The artillery barrage had shocked the Turks and dispersed them in panic. One section, mostly made up of German and Austrian machine-gunners, grouped themselves tightly round three motor cars, and fought like devils. They proved too strong for the Arabs, who let them go. The other two sections, though, were separated and cut to pieces where they stood: Lawrence ordered ‘No prisoners!’ and the Arabs charged them again and again, swooping on them like avenging furies, and cutting them down almost to a man. ‘In a madness born of the horror of Tafas,’ Lawrence wrote, ‘we killed and killed, even blowing in the heads of the fallen and of the animals; as if their death and running blood could slake our agony.’ 20Thousands of Hauran villagers gathered like scavengers at the flanks of the beleaguered Turkish column, picking up the rifles of the enemy dead as they fell, and joining their fellow Arabs in the slaughter. By sunset the plain outside Tafas was littered with hundreds of bloody corpses. According to Lawrence, one group of Arabs had not heard his ‘no prisoners’ order, and had taken 250 of the enemy alive, including a number of Germans and Austrians.
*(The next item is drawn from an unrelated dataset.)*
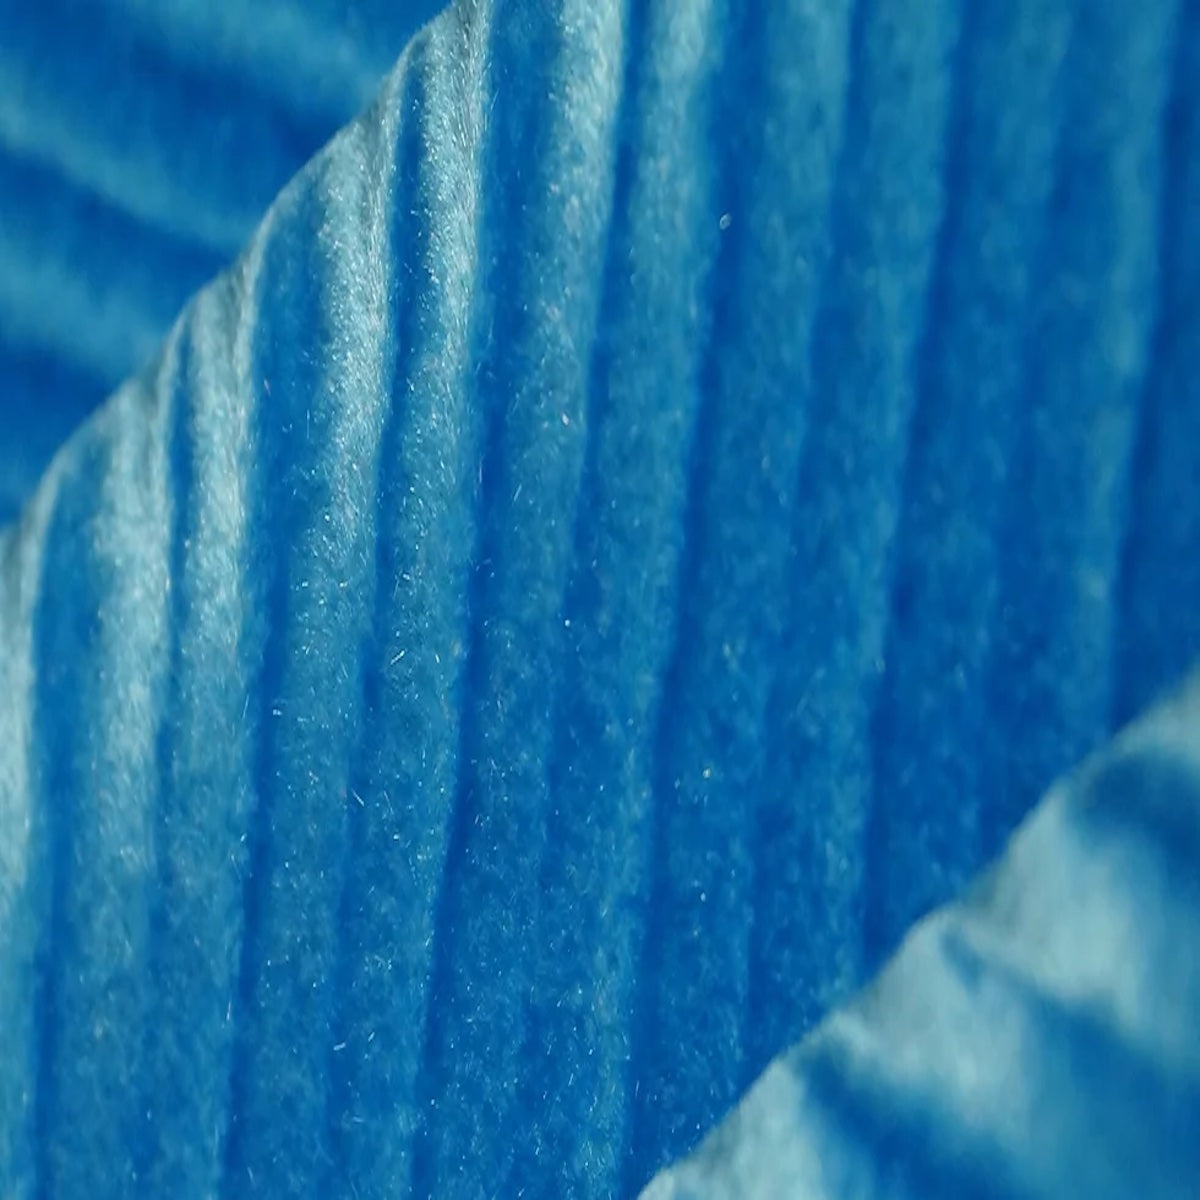 Turquoise Blue Swirl Velvet Flocking Fabric - Fashion Fabrics LLC

As he rode up, Lawrence was shown an Arab named Hassan who had been pinned to the ground with German bayonets, while already wounded. Lawrence had wanted no enemy survivors, and this was the excuse he had been looking for. He told his brother Arnie after the war that he had ordered an Arab crew to turn a Hotchkiss on the prisoners and kill them all. In doing so, he felt, he was avenging not only the children of Tafas, but the numberless generations of Arabs who had been ground down by the tyranny of the hateful Turks.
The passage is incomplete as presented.